Plonger sans bouée dans une immensité humaine.Impossible d'accrocher le rebord, nécessite d'attendre patiemment qu'Albert Cohen décide de nous laisser reprendre pied. Non que cette plongée soit déplaisante, bien au contraire, mais elle est abyssale. Incontrôlable.
"Lisez cette œuvre, c'est absolument sublime. Cette peinture de l'amour ! Cette histoire entre deux êtres qui s'aiment !"
Ai-je mal compris ? Ai-je mal retenu ?
Peinture ? Certainement pas ! Paysage accidenté, 3D été l'intériorité sous les projecteurs.
Histoire ? Pas de narration, du vécu à l'état pur, directement puisé au cœur et à l'âme.
Deux êtres qui s'aiment ? Amour subtilement mis en pièces, ridiculisé par le marionnettiste ironique qui attise l'éternel conflit de la logique et du désir, de l'esprit et du cœur. Il le fleurit, le nourrit, hymne à notre stupide condition, désespoir peut être aussi.
Mais il est vrai, quel vocable employer pour résumer ces mille et quelques pages ?
Revenons sur cette ironie acide qui me traverse a chaque page de l'œuvre. D'aucuns y sentiraient l'amour irrépressible et volcanique de deux êtres envahis l'un de l'autre. Bien entendu.
J'y sens davantage cette plaisanterie sans fin sur le dos des amants, éperdus, perdus. N'entendent rien, n'écoutent rien, ne relèvent rien que leur amour cannibale. Qui dévore qui au final ? Je l'ignore. Mais c'est en ces termes que j m'interroge.

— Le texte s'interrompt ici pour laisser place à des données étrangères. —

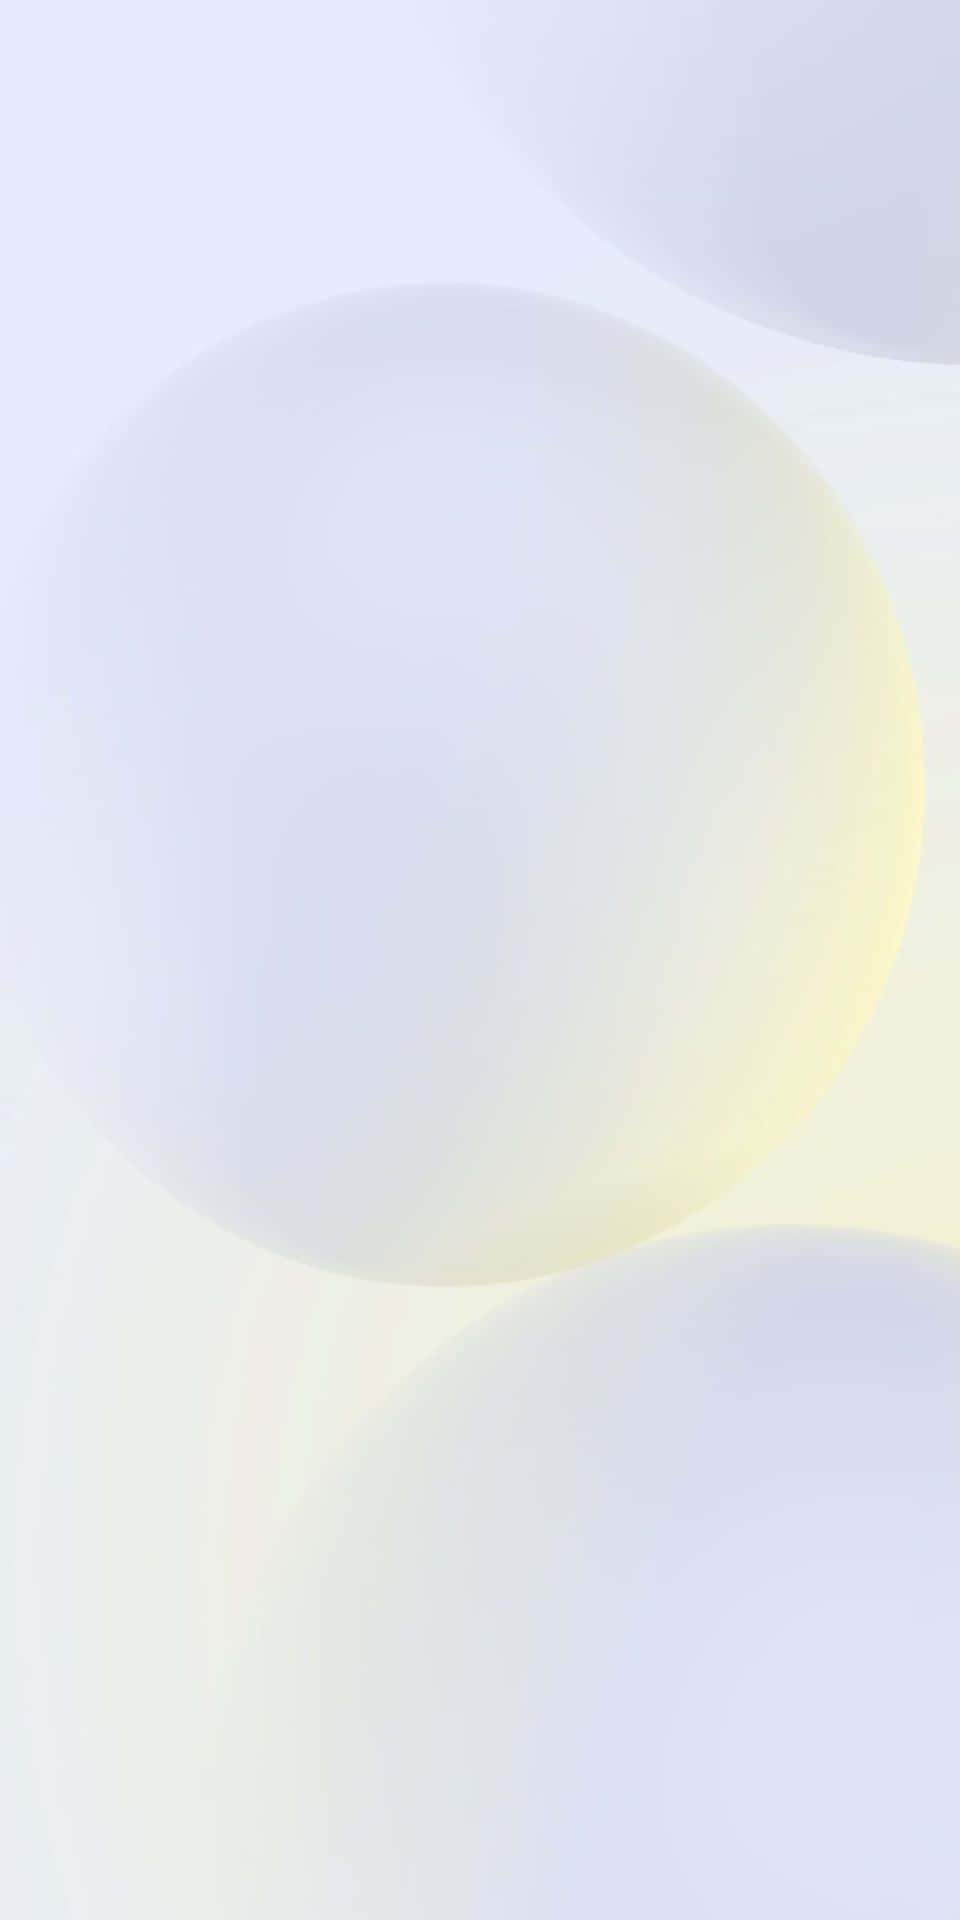 Pastel Pixel 3 Amoled Background

Où ont disparu Ariane et Solal ? Ils me semblent de simples pantins. Le narrateur, masqué, discret, serpente entre les lignes et après réflexion, c'est par lui que je suis prise. Les personnages me font rire, je les toise, je ne peux pas les pendre au sérieux. C'est ce narrateur faussement en retrait qui m'habite. Fascine. Il transmet pointilleux s'innombrables nuances, précis exigeant. Il retrouve toutes les voix, toutes les intonations, change toutes les parties, avec son timbre, absolument propre. Respect inouï de l'expression de chacun, mêlé à une énorme caricature. Sans concessions.
Et cette pièce montée, avec ardeur probablement, est mitraillée par un invisible pessimisme. Planant. Insidieux.
Et à chaque page, je ris de cette femme, cet homme, de moi à travers lui, de nous tous.
Parfois, ce narrateur que j'imagine quelque peu diabolique, retrouve sa veste et se laisse glisser a des épanchements presque lyriques. Poésie en prose, lâcher prise total, un moment de douce tristesse, hors bataille. Comme une respiration avant de repartir au clairvoyant combat.
Pas de cruauté gratuite.
Une implacable justesse et sans doute une grande tendresse d'homme trop lucide.